Saturday, October 13, 2012

A cup of tea

Aku sedang ingin membuat pengakuan,
Kejujuran yang menyadarkan bahwa hidup itu memilih apa yang menjadi panggilanmu, bukan karena orang memanggilmu. Bagaimana kamu tau bahwa itu panggilanmu atau bukan? Hanya dirimu yang tau. Bertanyalah pada dirimu sendiri dengan jujur. Bilamana orang memanggilmu dan kamu menganggap itu adalah panggilan hidupmu, NAMUN kamu merasakan tidak nyaman dan aman, berarti itu bukan panggilanmu. Panggilanmu akan mendamaikan dirimu sendiri, menjadi dirimu sendiri, dan menikmati itu sebagai bagian dari hidupmu.
Aku menyukai teh, itulah kejujuran yang ingin kusampaikan kepada kalian. Selama ini aku hanya bisa menikmati setiap aroma dan rasa TEH, bukanlah KOPI. Aku pikir aku menyukai kopi, atau lebih tepat aku berpura-pura menyukai kopi. Buatku, semua penikmat kopi dengan segala filosofi-nya adalah “keren”. Bahkan dunia mengakui kopi sebagai beverage yang unik dan khas. Mereka mencari-cari sampai ujung dunia, berkelana demi mendapatkan kenikmatan kopi. Bahkan filosofi kopi di klasifikasikan berdasarkan karakter dan perasaan si penikmat. Ada yang mengatakan bahwa definisi kopi adalah ketenangan. Disana mereka bersahabat dengan kopi dan kopi akan menenangkan mereka.
 
Aku merasa sendiri, karena dunia hanya menyukai kopi. Dimanapun, di café-café maupun warung kopi di jalanan. Mereka selalu menghadirkan kopi sebagai jualan utama. Datanglah ke StarBuck, Oh Lala, Kedai kopi atau tempat nongkrong dan gaul lainnya, mereka menawarkan berbagai cita rasa kopi, mulai kopi Toraja, kopi Sumatra, kopi Papua, kopi luwak hingga kopi dari luar seperti Capuccino. Meskipun mereka menjual teh, itu hanya pelengkap, bukan utama. Sosok “kopi” terlalu keren dan aku merasa terkubur dalam dalam mengamati betapa aku terlahir di dunia ini tak mampu menikmati kopi dengan seutuhnya. Aku menikmati TEH.

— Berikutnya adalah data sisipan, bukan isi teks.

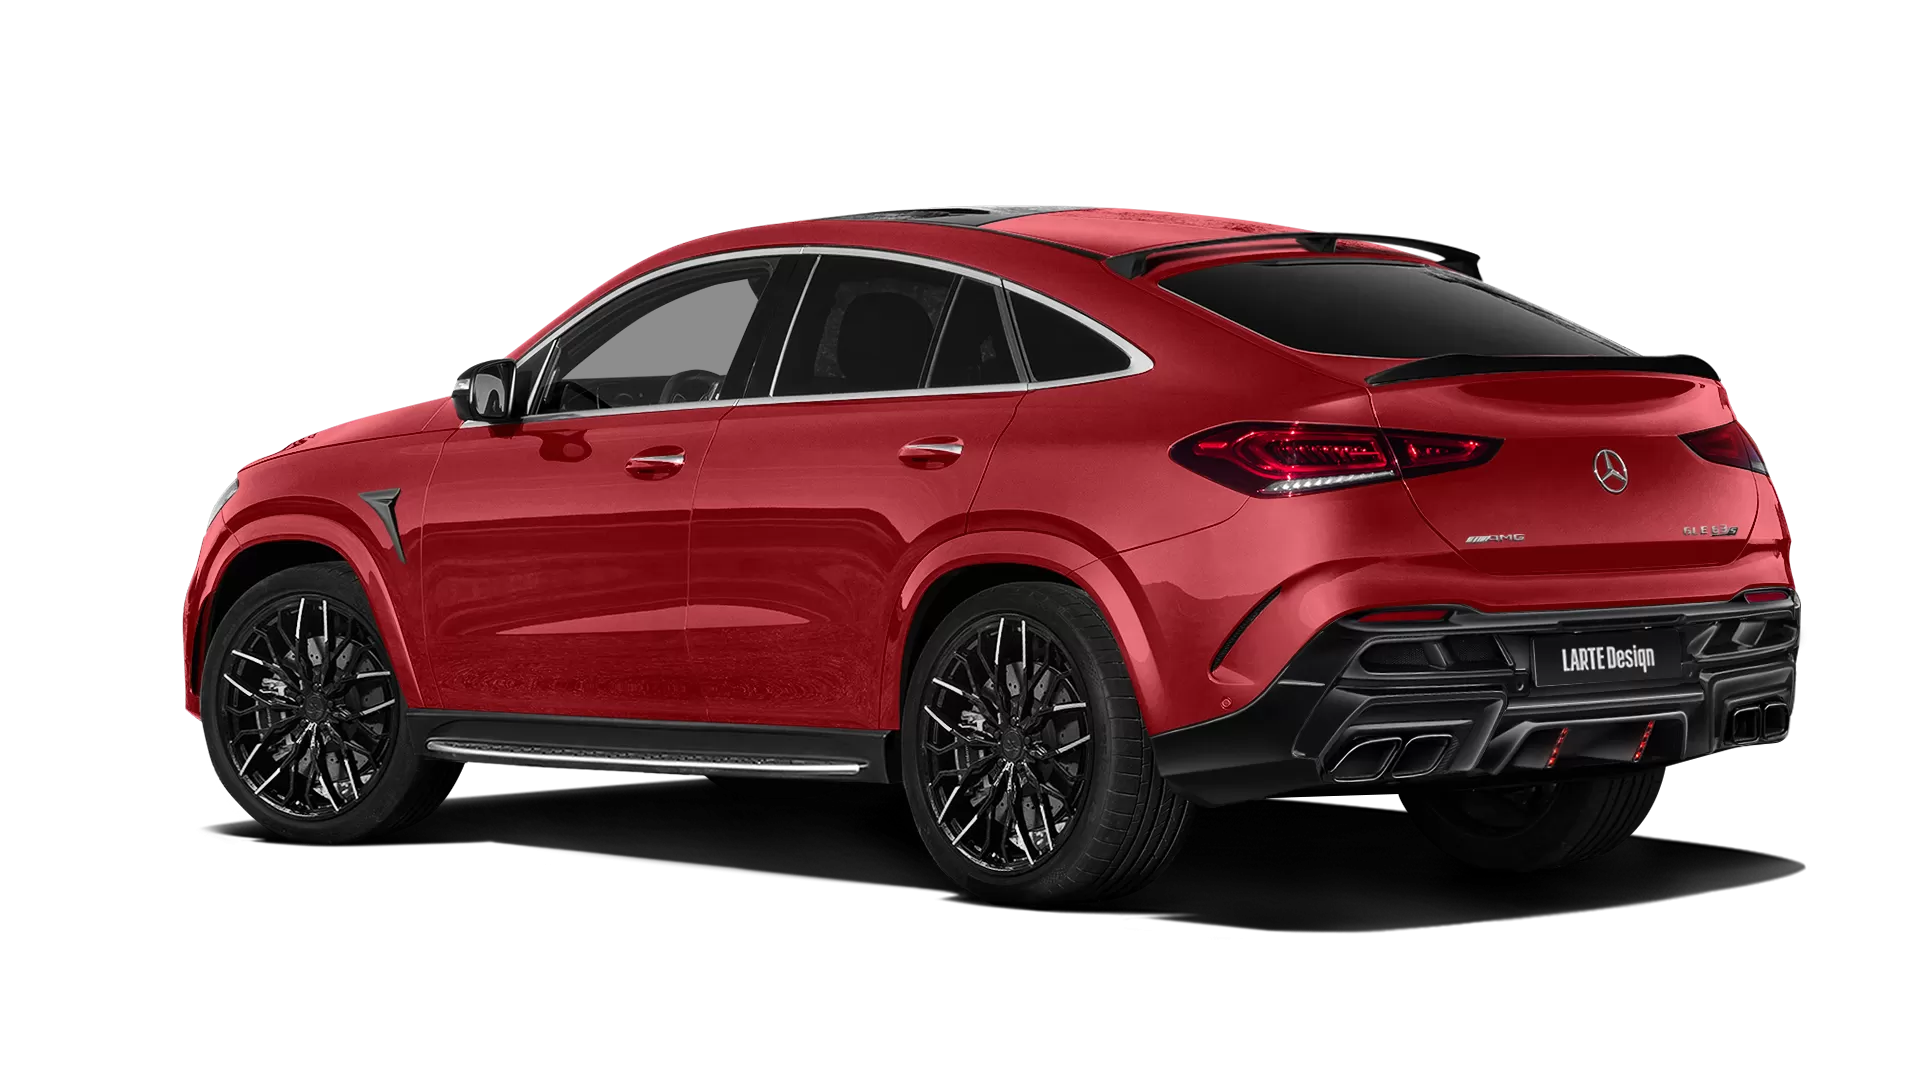 Mercedes GLE Coupe AMG 63 C167 with painted body kit: rear view shown in Hyacinthe Red

Aku harus jujur mengatakan bahwa aku penikmat teh. Mulai dari green tea atau jasmine tea yang mahal hingga teh seduh tradisi bangsa. Catherine Douzel mengatakan bahwa  “A cup of tea represents an imaginary voyage”. Aku suka melihat hamparan kebuh teh yang hijau, dan melihat wanita-wanita paruh baya menggunakan caping topi petani memetik pucuk daun teh setiap pagi meyingsing. Teh begitu sederhana dan menenangkan. The bisa membuatmu bersemangat tapi bisa juga menenangkan. Bahkan ketika denyut jantungmu kencang berdebar karena tegang, takut, atau nervous, ketika menikmati segelas teh hangat, tiba-tiba perasaanku menjadi tenang. Aku menemukan dan seharusnya aku menyadarinya dari dulu bahwa aku menikmati aroma dan rasa TEH.
Tetapi memang minum teh tidak sekeren kopi dalam konteks gaya hidup, kalau bicara kesehatan tentu teh akan lebih popular, tapi tidak untuk lifestyle. Kini biarkah aku menjadi sesuatu yang membuatku nyaman. Dari dulu aku menutup wajahku dengan topeng dengan berpura-pura menikmati kopi ketika bergaul dengan teman-teman nongkrong di cafe. Tetapi sekarang aku ingin jujur pada diriku sendiri sekarang bahwa teh memberiku jawaban atas panggilanku. Apapun itu jujurlah pada dirimu sendiri, terhadap apa yang kamu lakukan. Jika tidak membuatmu nyaman dan tak menikmatinya  meskipun itu nampak “cool”, mengapa harus memaksakannya?